Regarding Section 4, our effort to reclassify SUVs is an attempt to make the vehicle fleet more efficient.  People are buying more and more SUVs and it is driving up demand for gasoline.  I am open to amending the bill to create a new SUV category, but it should require more efficiency than the current light truck category.

Regarding Section 5, CAFÉ is the US fuel efficiency standard at the Federal level.  As to your proposal, I can't foresee it being possible for automakers to adjust so dramatically every five years into perpetuity.  It would put a tremendous burden on them.

Regarding Section 6, the tax in question is a Federal only tax, the states already have their own gas taxes, so I don't think placing new requirements on states to conform to a new federal mandate is a good idea.  As to the reason the gas tax should be cut.  The consumer is being squeezed by high gas prices, which result from the $63 a barrel oil, and this would help offset the new cost on their end of things.  It will also offset the cost they would otherwise pay for the new more stringent fuel quality standards.

Senator Akno,

Under the division of labor Ernest, Niles, and I talked about, there is a consensus that the role normally played by the Department of Energy is played by the Department of Treasury here in Atlasia.  This is why DoT would get responsibility for the refinery approval process, since they have the biggest hand in energy policy.

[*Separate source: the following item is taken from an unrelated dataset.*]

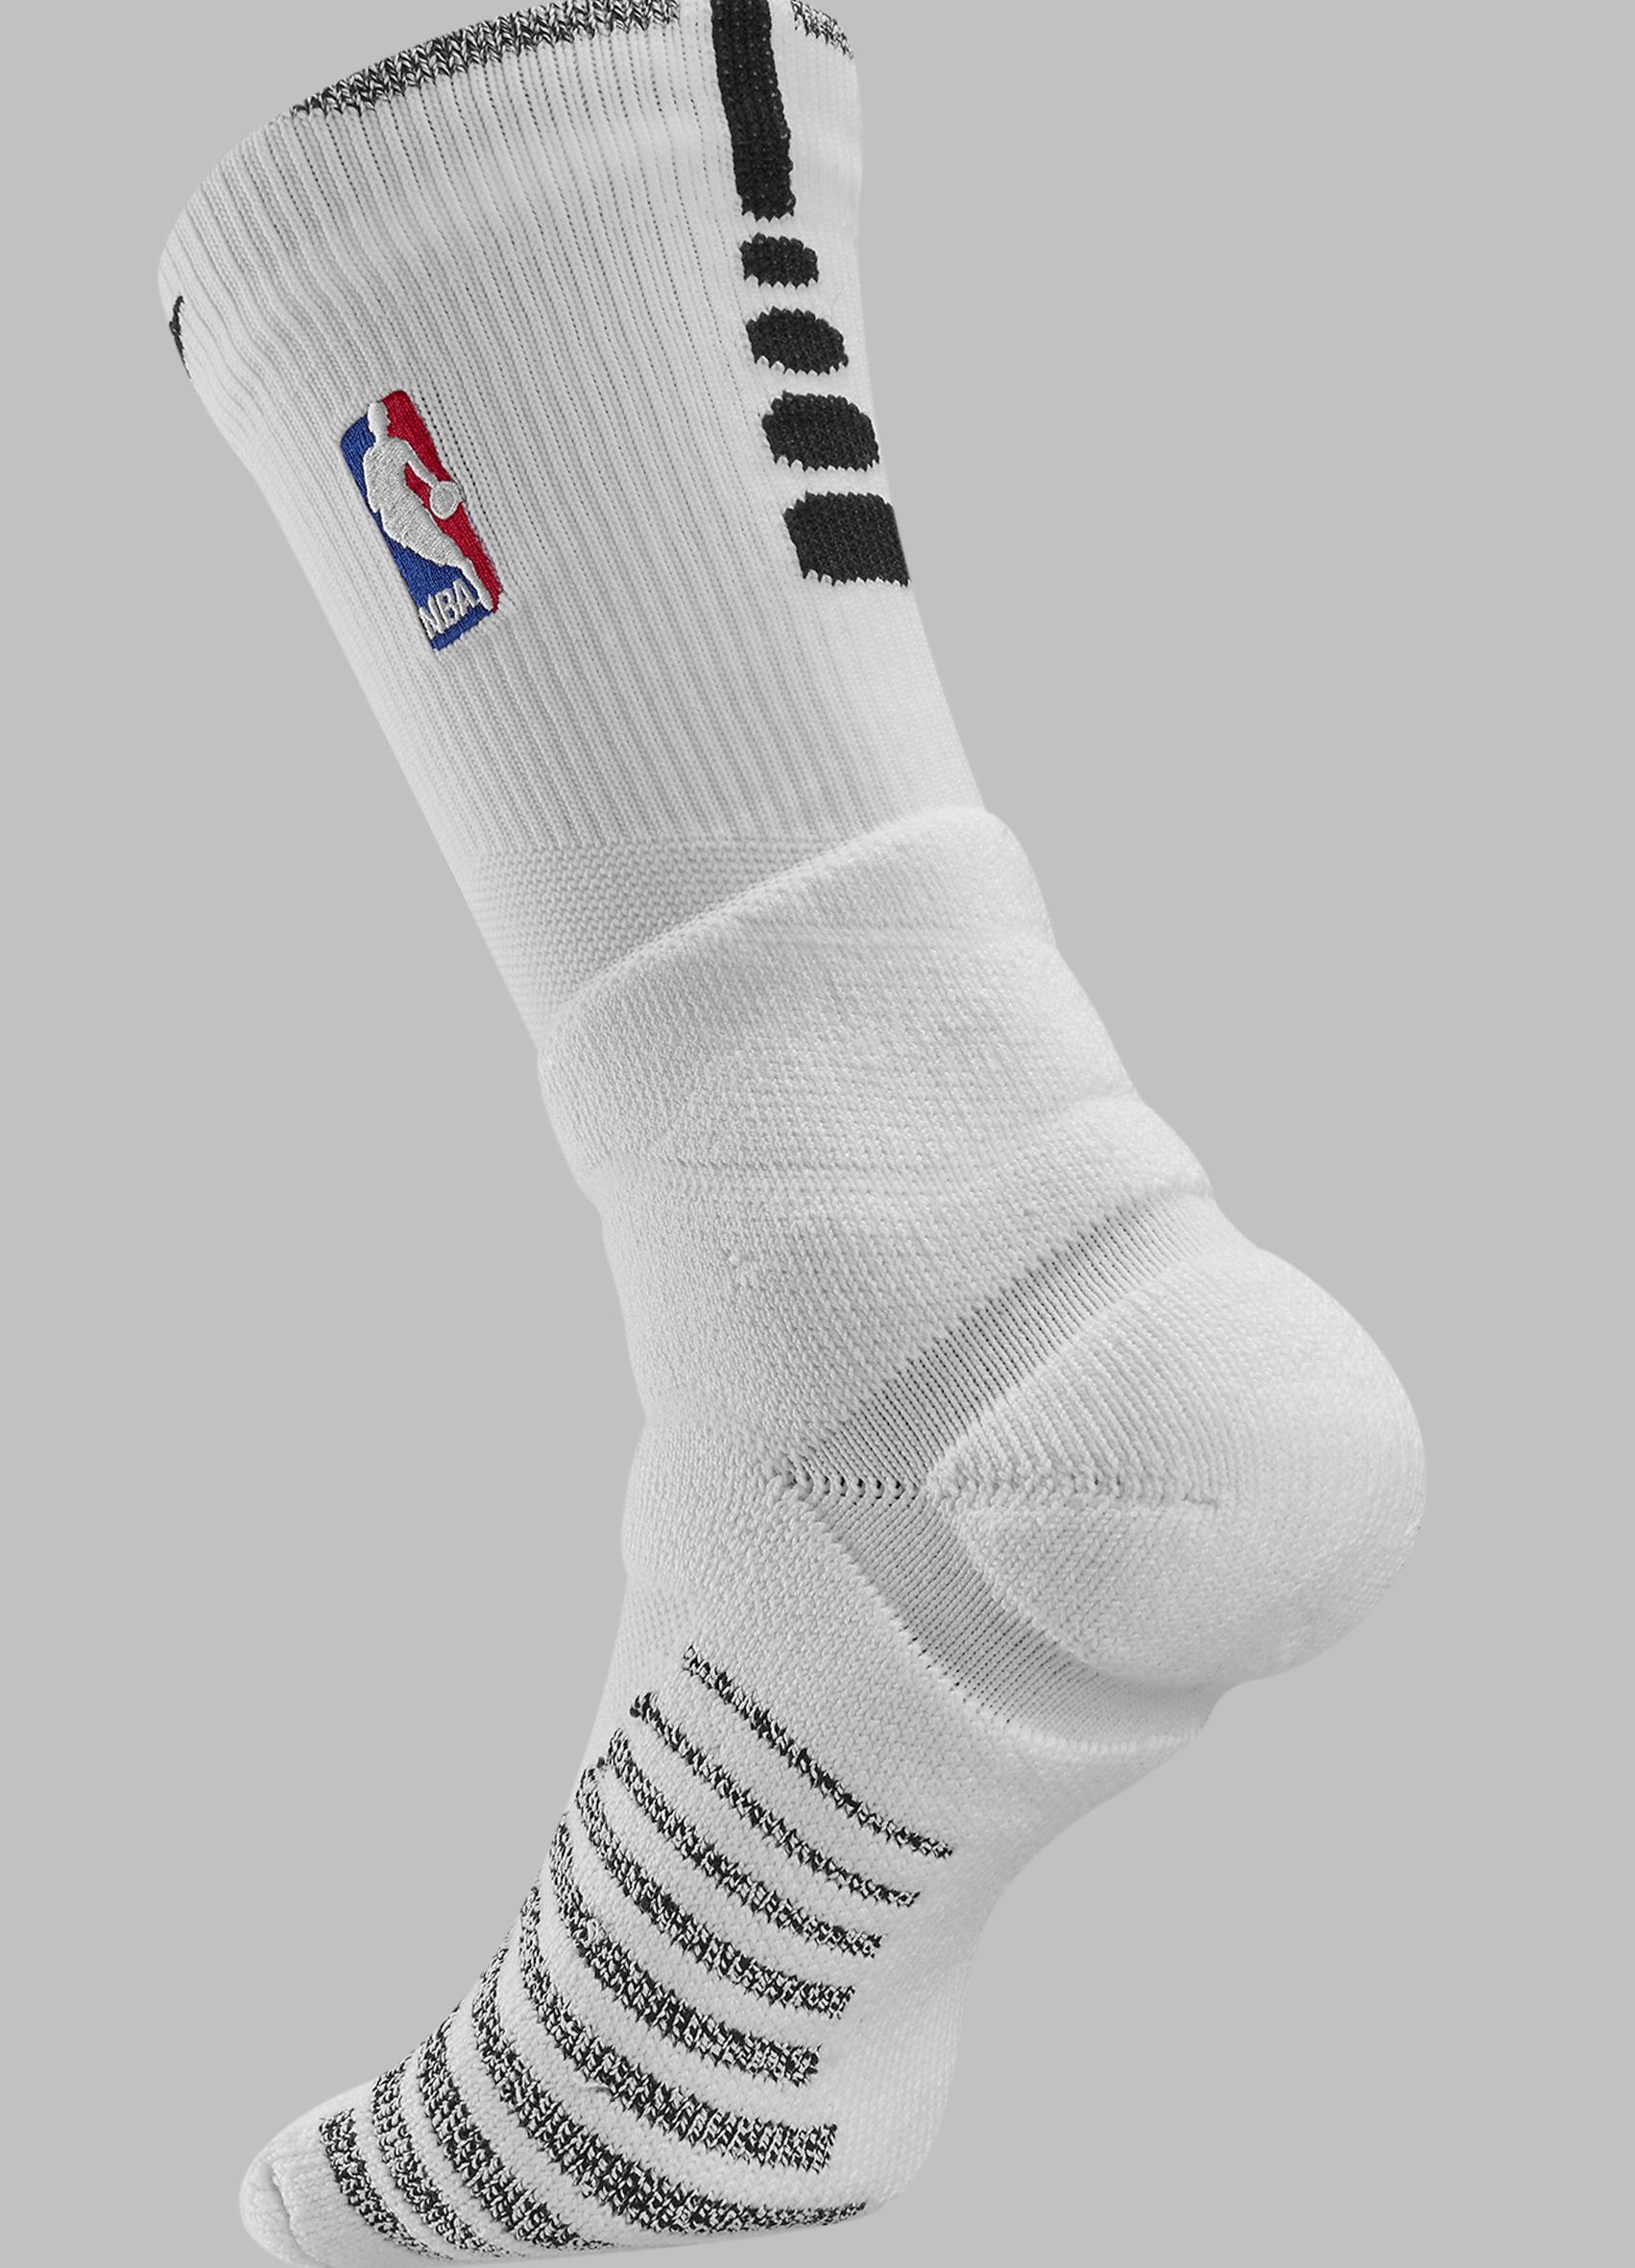 Nike's Fresh NBA Socks: All In Details | SGB Media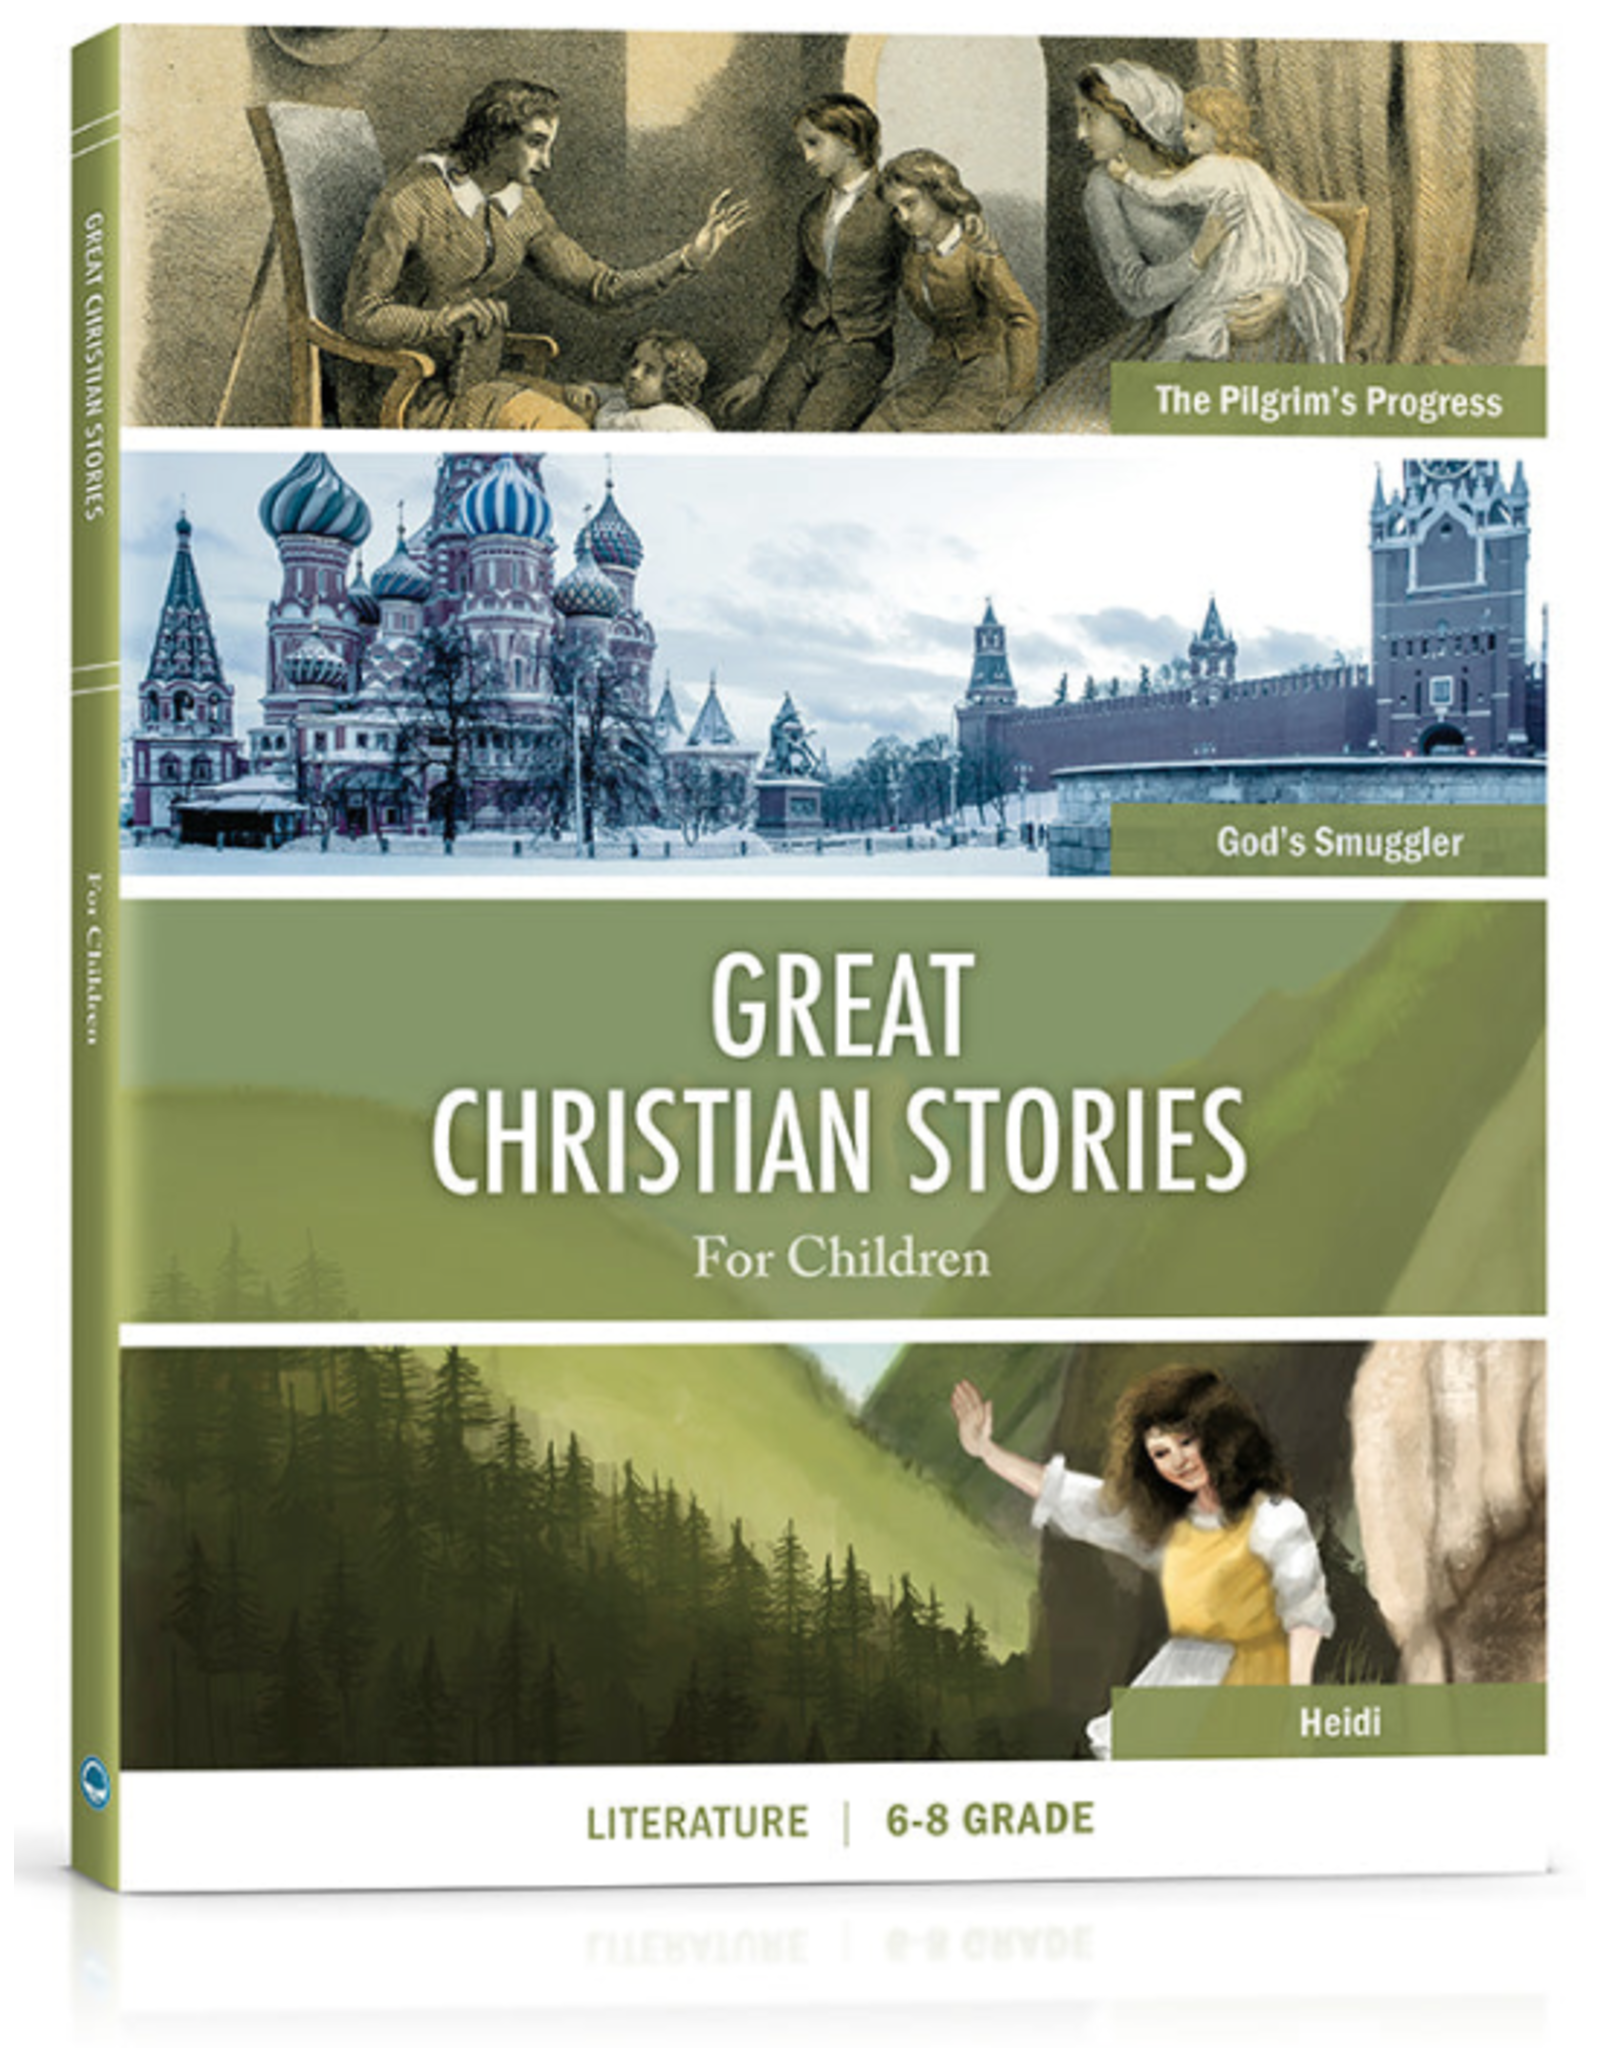 Great Christian Stories For Children - Literature 6-8 Grade Workbook

I think if you look again at the bill, you will also see provisions for energy conservation (new CAFE standards) and environmental protection (new fuel quality) featured prominently.  Also are the long-term provisions for new energy infrastructure like new refineries.

Senator StevenNick,

I understand your concern about vehicle safety, but at the same time we must find ways to conserve energy.  Since cars account for most of our country's oil consumption, we felt we had no choice but to directly address this issue head on.



Senators generally,

There will be things in this bill you don't like.  That is inevitable.  But this bill has solutions that are liberal and conservative, some that are short term and some that are long term, some that are supply oriented and some that are demand oriented.  No one will be 100% happy with this bill, but it does directly address in a comprehensive way the energy crisis we now face.  I urge the Senate to pass this bill.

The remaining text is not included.